Configure MCP servers in ~/.dtt/mcp.json:
{
"mcpServers": {
"my-server": {
"command": "npx",
"args": ["-y", "my-mcp-server"],
"env": { "API_KEY": "${MY_API_KEY}" }
}
}
}The agent discovers and uses all tools exposed by connected MCP servers.
| Variable | Required | Description |
|---|---|---|
OPENROUTER_API_KEY |
Yes | Your OpenRouter API key |
SERPER_API_KEY |
No | Enables hybrid search_web plus Serper-backed batch_process search enrichment |
TWOCAPTCHA_API_KEY |
No | Enables automated captcha solving |
AGENTMAIL_API_KEY |
No | AgentMail key for email tools |
AGENTMAIL_INBOX_ID |
No | Default AgentMail inbox ID |
AGENTMAIL_HUMAN_EMAIL |
No | Human email for AgentMail OTP verification |
All variables can be saved to ~/.dtt/env (shell-exported values take precedence). The agent can update this file via manage_config.
| Path | What's there |
|---|---|
~/.dtt/env |
Saved API keys for OpenRouter, Serper, 2Captcha, and AgentMail. Mode 0600. The agent can update this via manage_config. |
~/.dtt/threads/ |
Saved conversation threads (resume with --resume) |
~/.dtt/threads/<id>/cache/ |
Per-thread scratch folder (intermediate files, downloads, batch artifacts) |
~/.dtt/skills/<name>/SKILL.md |
User-defined skills (Claude Code convention) |
~/.dtt/mcp.json |
MCP server configuration |
/tmp/dothething/ |
Runtime: Python venv, SearXNG, Camoufox browser |
--pipe sends only the final report to stdout and mutes everything else. Use it when you need to chain dothething into other commands:
./dtt.sh --pipe --prompt "Summarize the README in this repo" | pbcopy
./dtt.sh --pipe --prompt "List all TODO comments" > todos.txt
cat spec.md | ./dtt.sh --pipe --prompt "Review this spec"Exit codes: 0 means complete, 2 means partial, 1 means failed.

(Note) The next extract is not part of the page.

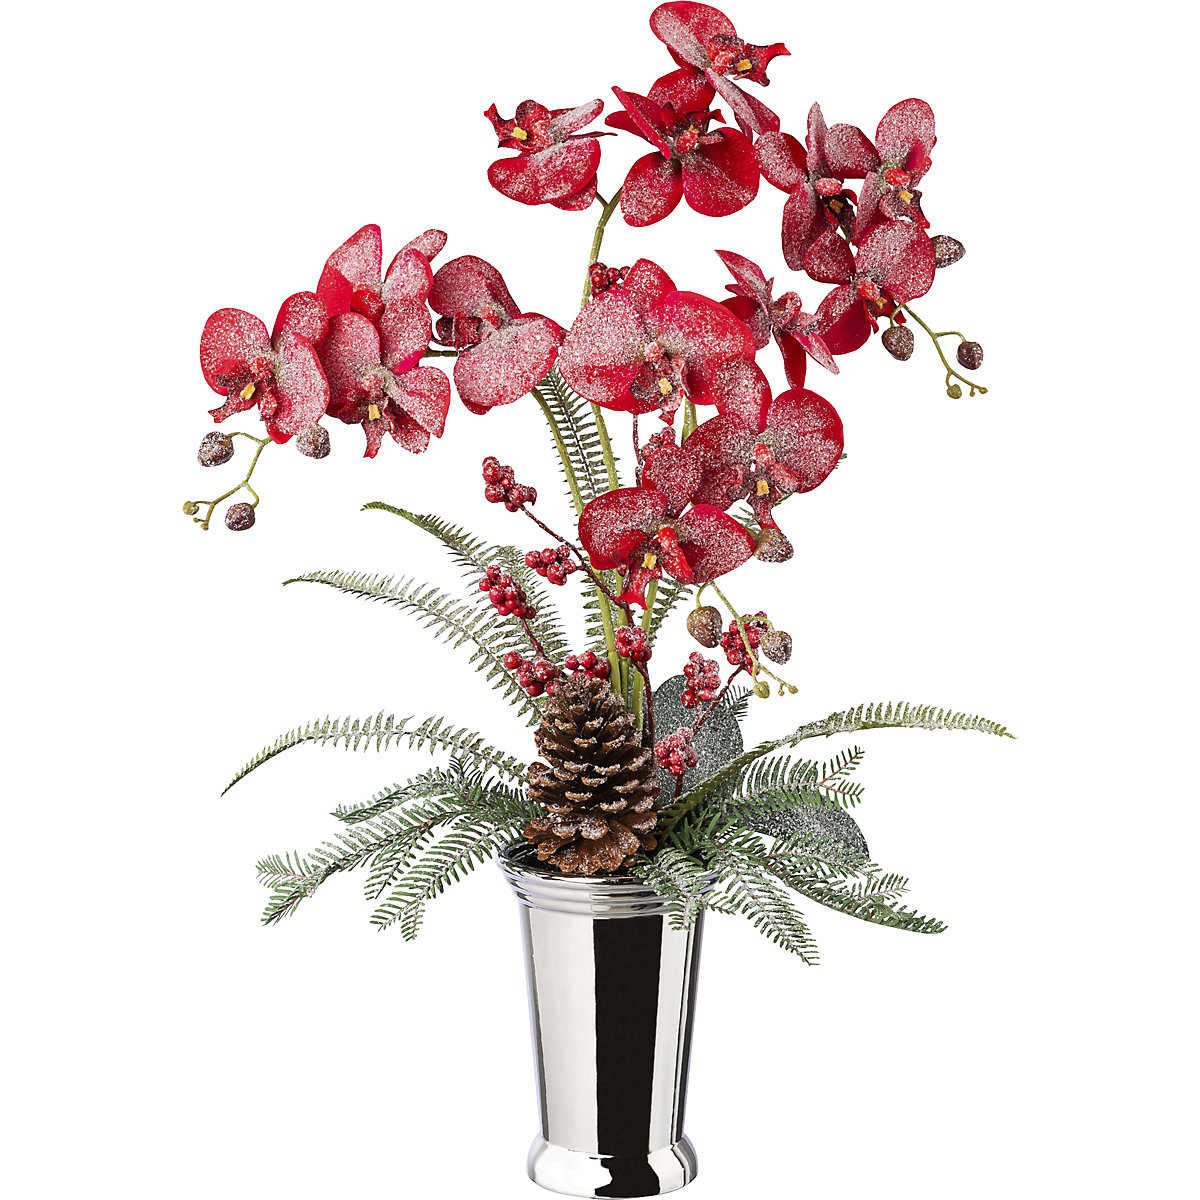 Arranjo de orquídeas em vaso cerâmico

--notify-desktop pops a system notification when the task finishes. On macOS this uses osascript, on Linux it uses notify-send.
--notify-email you@example.com sends a short email summary when done. Requires AgentMail to be configured.
Both work in orchestrator mode -- you get per-agent notifications as they finish, plus one when all agents are done.
The shell_session tool provides a stateful bash session that persists environment variables, working directory, and shell state across calls. Use it for multi-step build processes, interactive debugging, or anything where shell state matters between commands. For simple one-off commands, run_command is still there and simpler.
--max-cost 5.00 stops the agent when cumulative spending hits $5. The agent checkpoints its state so you can --resume later if you want to continue. Useful for fire-and-forget runs where you don't want to babysit the budget.
email_wait_for_message pauses the agent until a specific reply hits the inbox. Set filters on sender, subject, or thread. The agent polls every few seconds and returns the message when it arrives, or times out. Saves you from wasting tokens on manual poll loops.
Persisted thread logs (~/.dtt/threads/) are redacted -- API keys, tokens, and secrets are masked before writing to disk. The same redaction applies to --debug output.
BSD 3-Clause. See LICENSE for the full text.